*** Opening Data supplied ***
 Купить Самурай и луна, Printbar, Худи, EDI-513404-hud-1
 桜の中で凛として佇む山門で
*** Closing Data supplied ***
*** Opening Data supplied ***
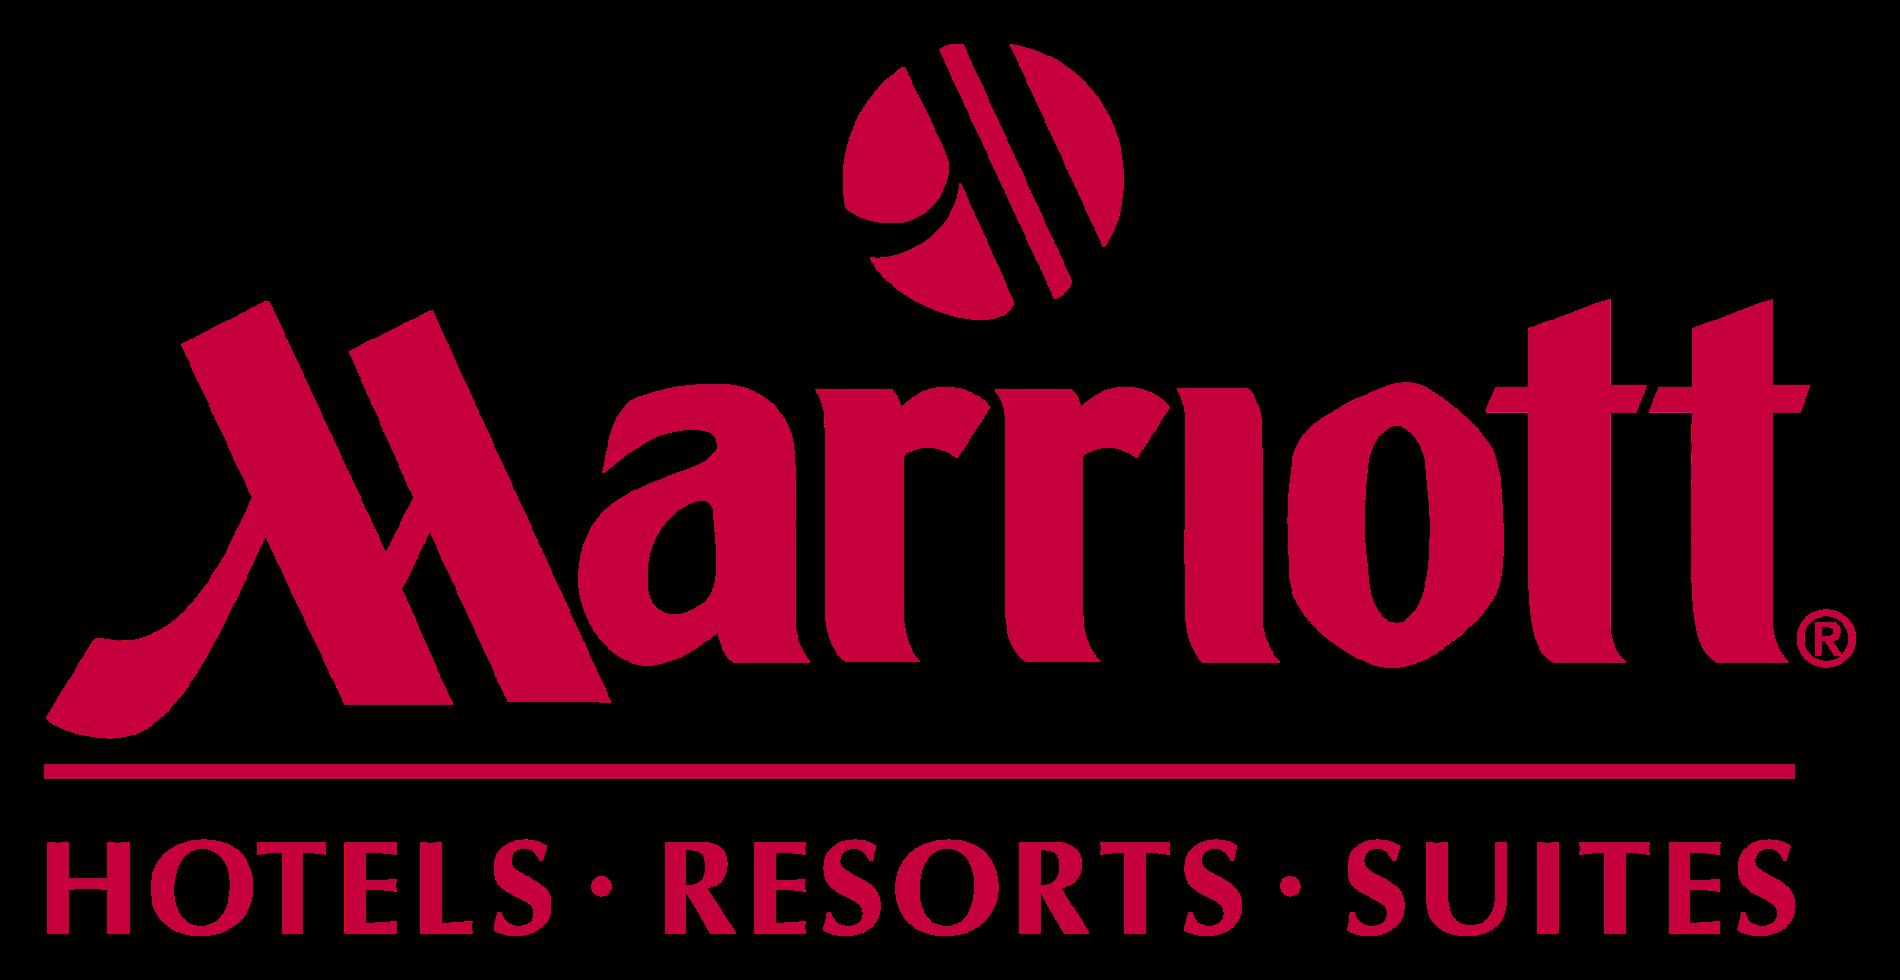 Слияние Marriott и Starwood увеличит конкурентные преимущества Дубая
*** Closing Data supplied ***
*** Opening Data supplied ***
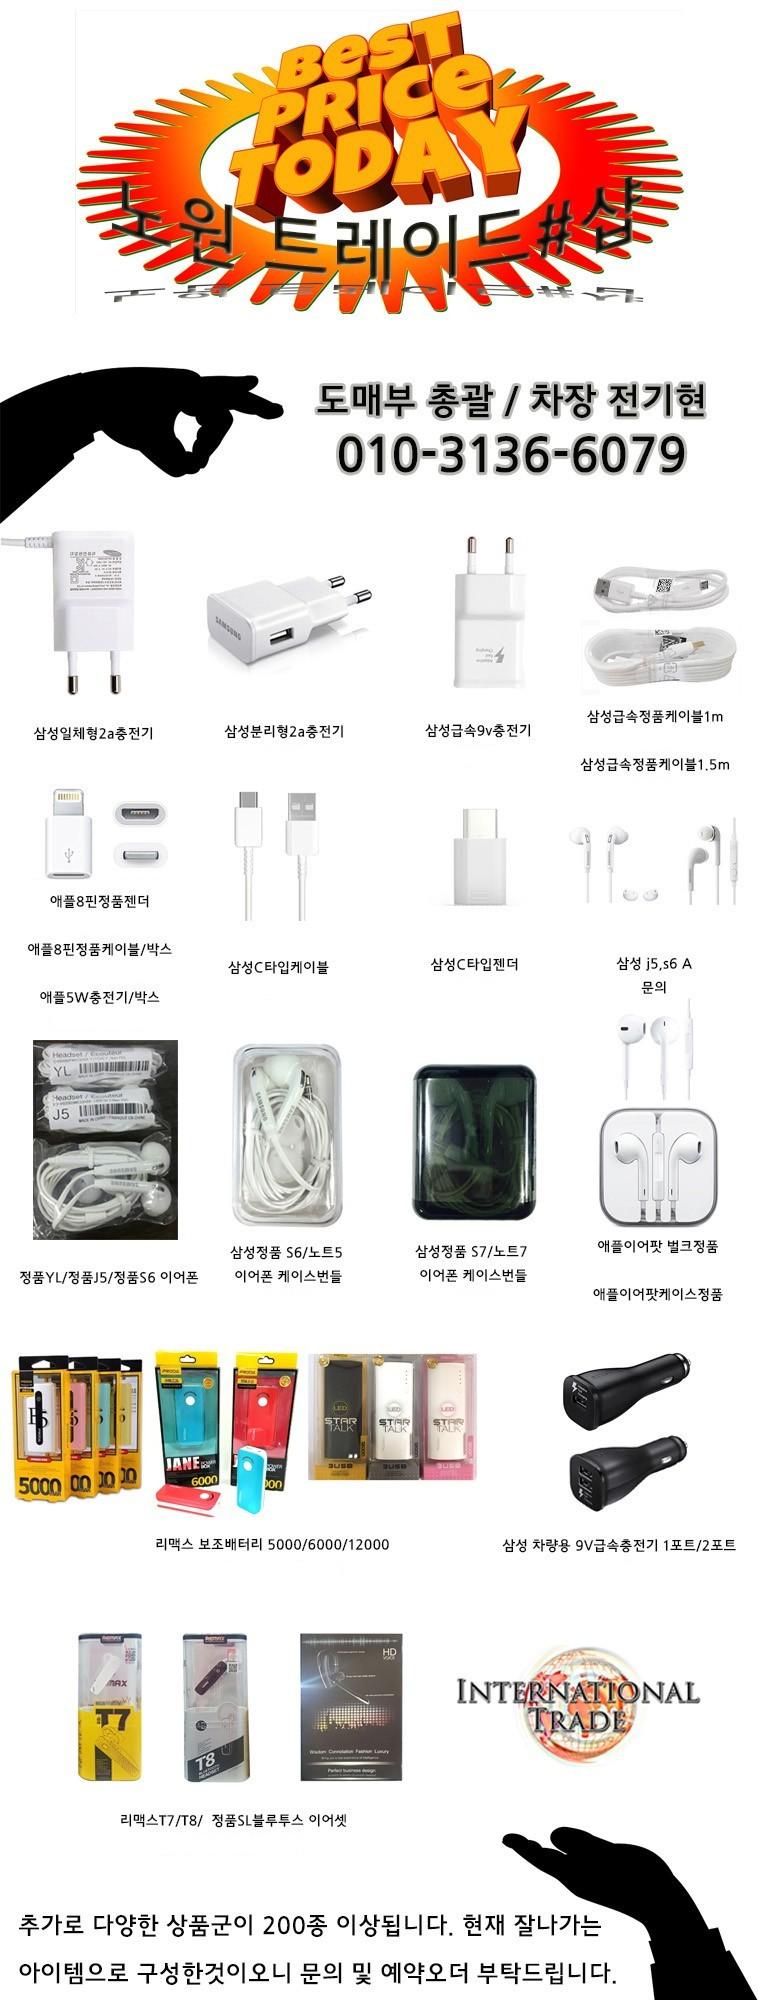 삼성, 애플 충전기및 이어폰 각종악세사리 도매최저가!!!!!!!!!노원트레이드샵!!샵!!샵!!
*** Closing Data supplied ***
== Exercise directions ==
An exact, complete copy of the lines above from the one with "Купить Самурай и" through the one with "桜の中で凛として佇む山門で" is the whole answer.

== Task output ==
 Купить Самурай и луна, Printbar, Худи, EDI-513404-hud-1
 桜の中で凛として佇む山門で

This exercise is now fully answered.